9. Future vision of the technology If your organization is an early technology adopter, you’ll want to give preference to technologies that are quick to integrate and adapt to the technology space around them. For example, we mentioned earlier how Python is often the first language supported by new big data technologies, but that many algorithms in academia are developed in R. In addition, early consumers of new data types will want to choose an ETL or BI tool known to quickly add new data sources.
Ask vendors about their forward-looking visions. One of Gartner’s two axes in their Magic Quadrant is ‘completeness of vision,’ which incorporates vendors’ product strategies.

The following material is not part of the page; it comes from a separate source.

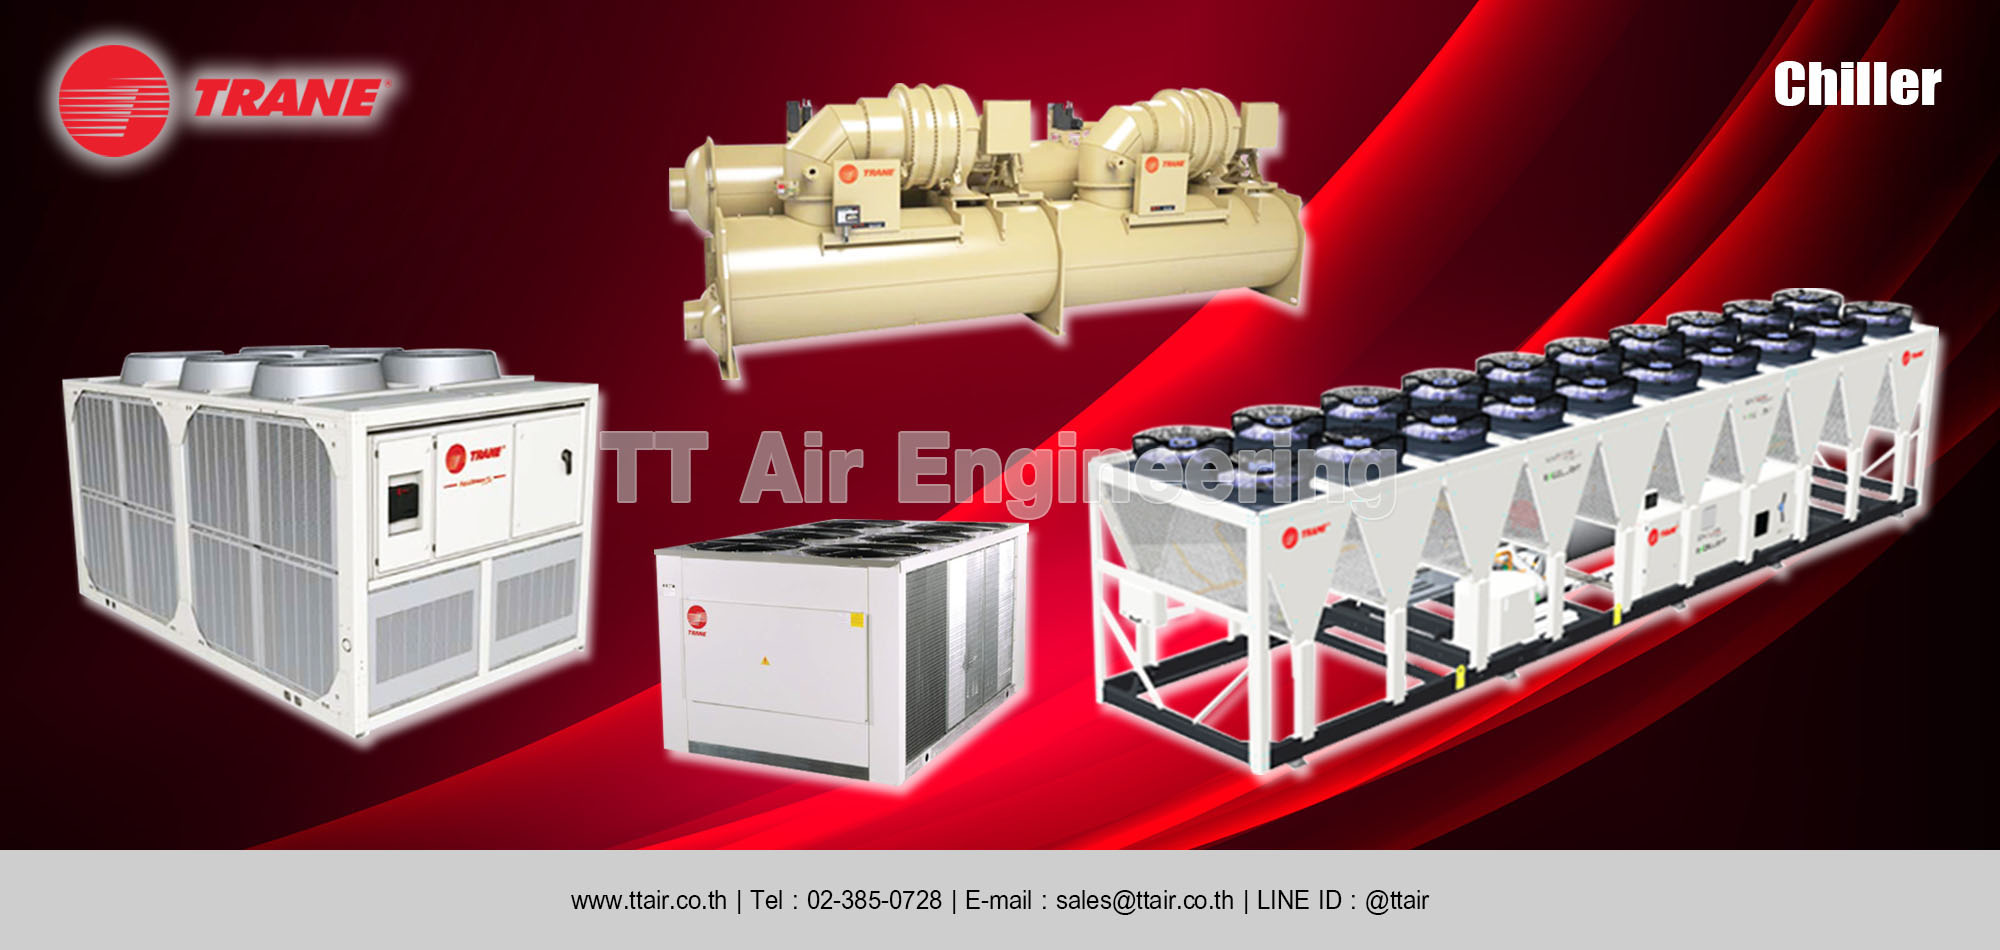 TRANE Commercial Chiller category (1)

10. Freedom to customize the technology Will you be satisfied using the technology out of the box, or will you want to view and modify the code? If you are integrating the technology into a product for resale, check the
licensing restrictions.
11. Risks involved with adopting a technology Cutting-edge technologies will be less well tested, and hence higher risk. An outsourced as a Service brings additional reliance on third parties, and vendor solutions depend on vendor support.
Big data technologies are fascinating, and they are developing rapidly. But you can’t build a programme on technology alone. In the next chapter, I’ll talk about the most critical resource you’ll need, which is also the most difficult to secure:
your analytics team.
Takeaways
You’ll need to make choices related to hardware, use of cloud, data transfer, analytic tools and data delivery (BI).
Companies are increasing use of cloud solutions, but some concerns remain.
As-a-Service offerings can free you to focus on your core differentiators.
Stakeholder requirements and preferences will play a crucial role in technology decisions, particularly for BI tooling.
Consider several important factors as you decide between competing technologies.
Ask yourself
What parts of your infrastructure and software could you replace with as-a- Service offerings to allow you to focus more on your core differentiators?
Are you experiencing integration difficulties from utilizing too many
different technologies? What steps are you taking to assess these difficulties and to standardize your technology where necessary? Consider the tradeoff between costs and benefits for such a process.
Who in your company or professional network can provide you with broad, unbiased insights into available technologies? Consider what industry conferences might be helpful in this.
Consider your organization’s growth projections. How long will it be before the technologies you are using today are either unable to handle your data needs or become prohibitively expensive for the scale you’ll need to use them at?